The problem: Print the data below exactly as it stands, and keep the pictures out.

Data below:
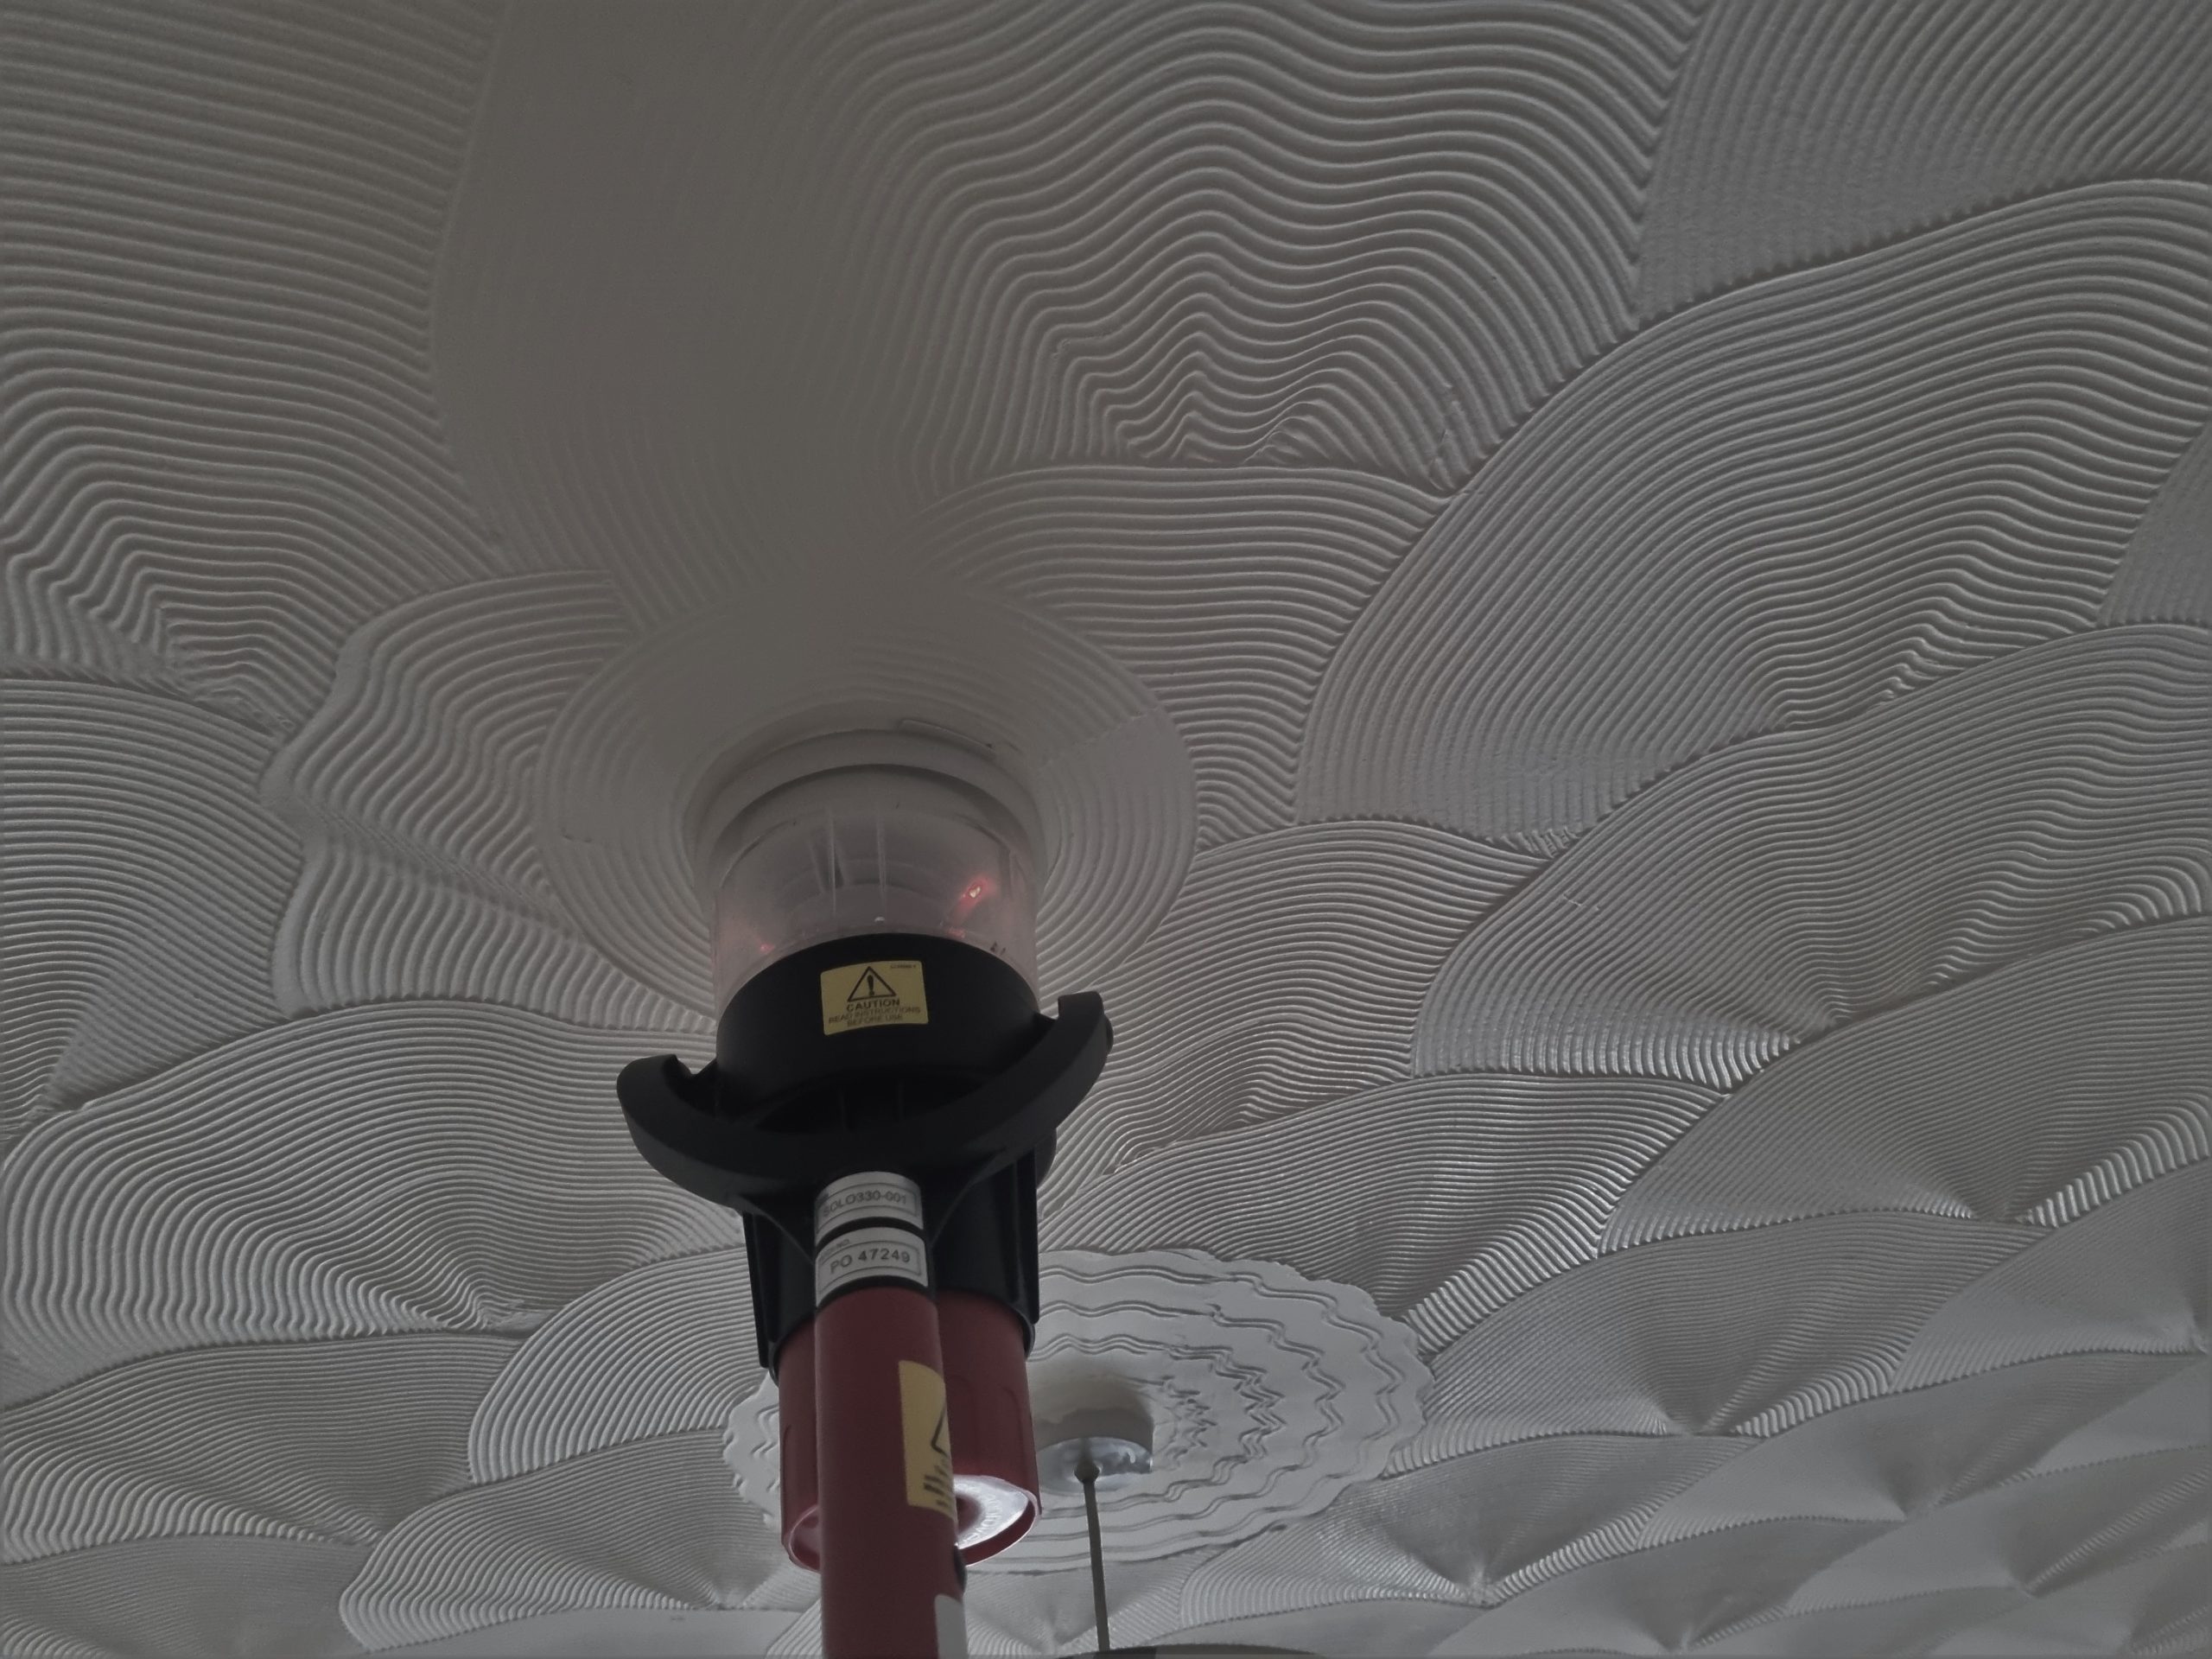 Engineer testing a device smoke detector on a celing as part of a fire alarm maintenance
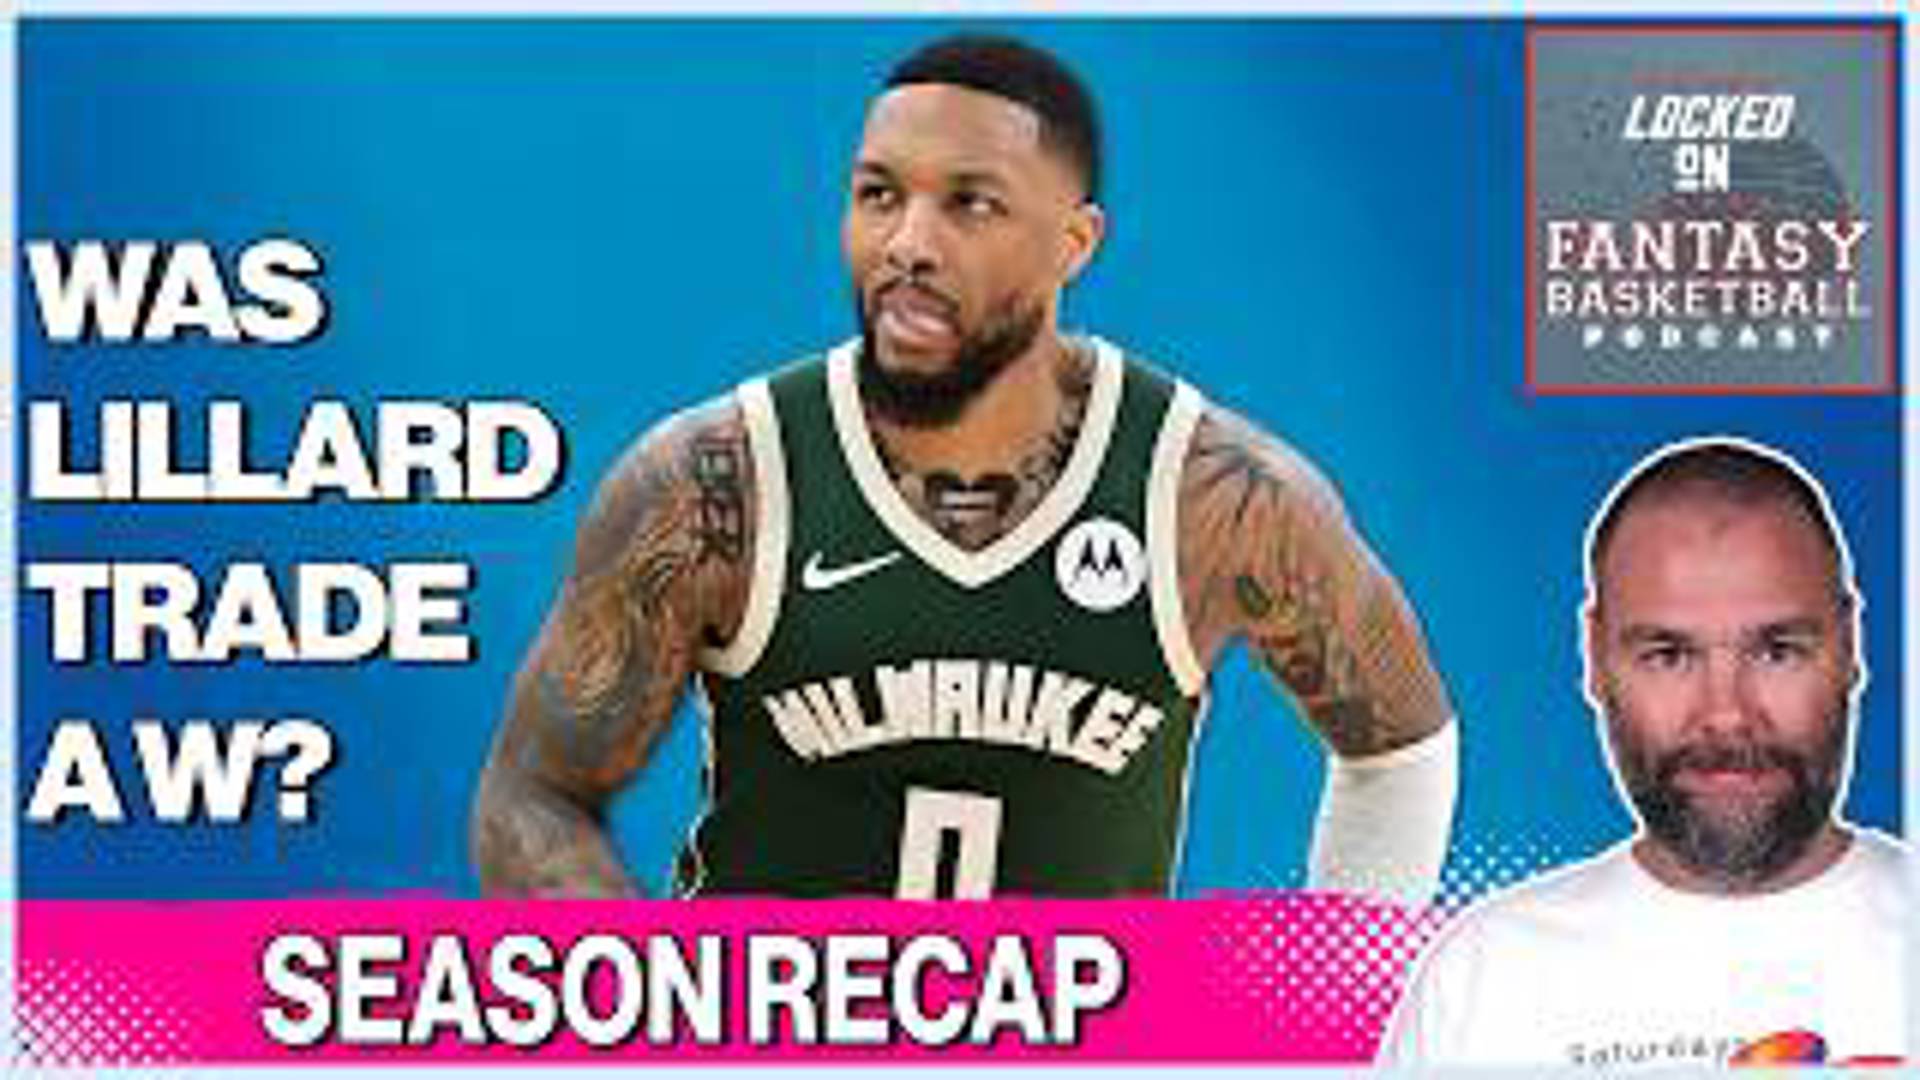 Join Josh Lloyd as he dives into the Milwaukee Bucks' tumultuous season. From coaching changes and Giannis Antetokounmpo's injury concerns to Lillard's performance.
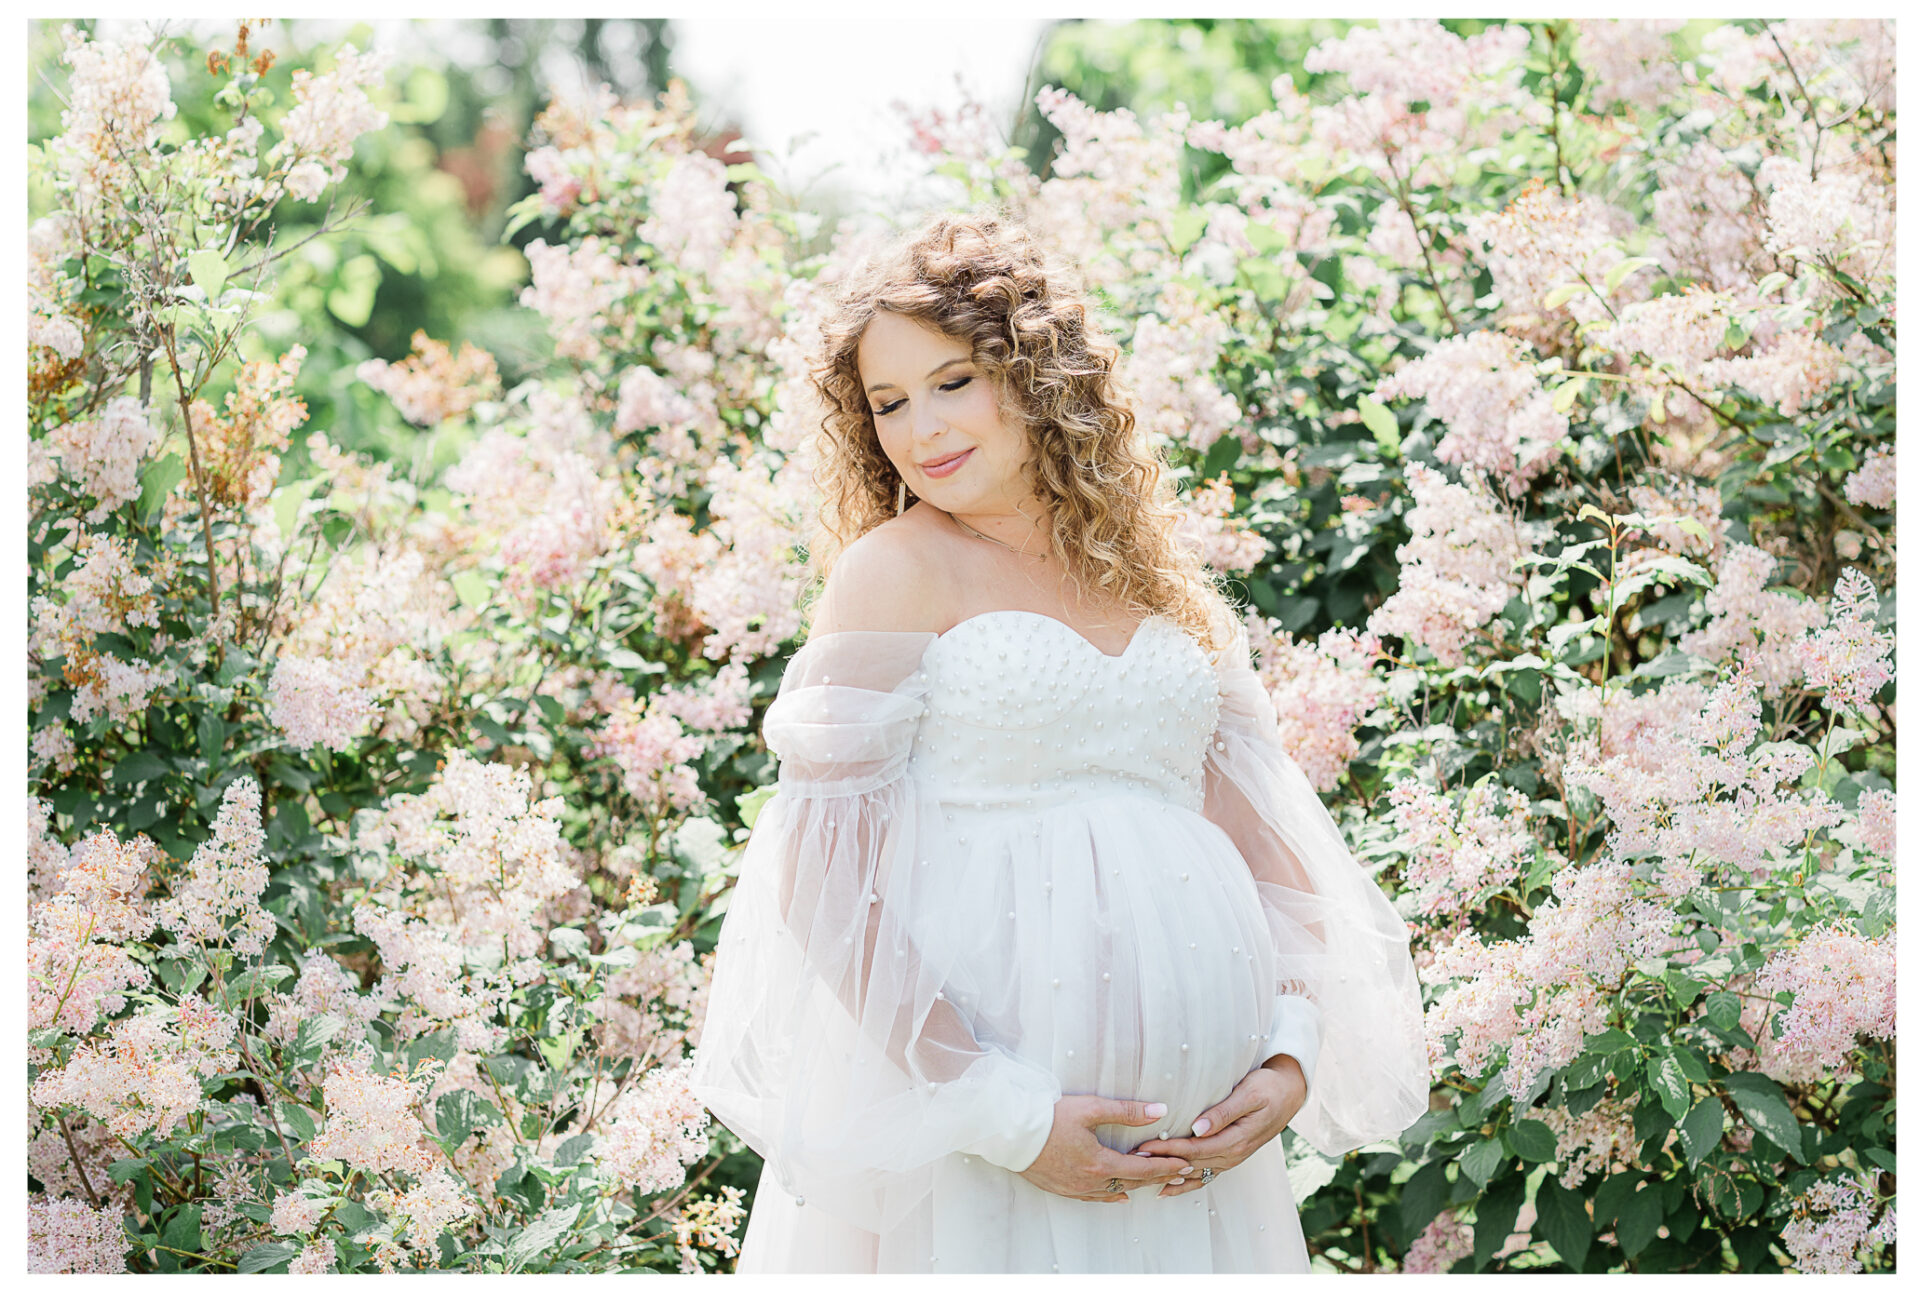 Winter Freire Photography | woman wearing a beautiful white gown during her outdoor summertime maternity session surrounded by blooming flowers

Worked solution:
 Engineer testing a device smoke detector on a celing as part of a fire alarm maintenance
 Join Josh Lloyd as he dives into the Milwaukee Bucks' tumultuous season. From coaching changes and Giannis Antetokounmpo's injury concerns to Lillard's performance.
 Winter Freire Photography | woman wearing a beautiful white gown during her outdoor summertime maternity session surrounded by blooming flowers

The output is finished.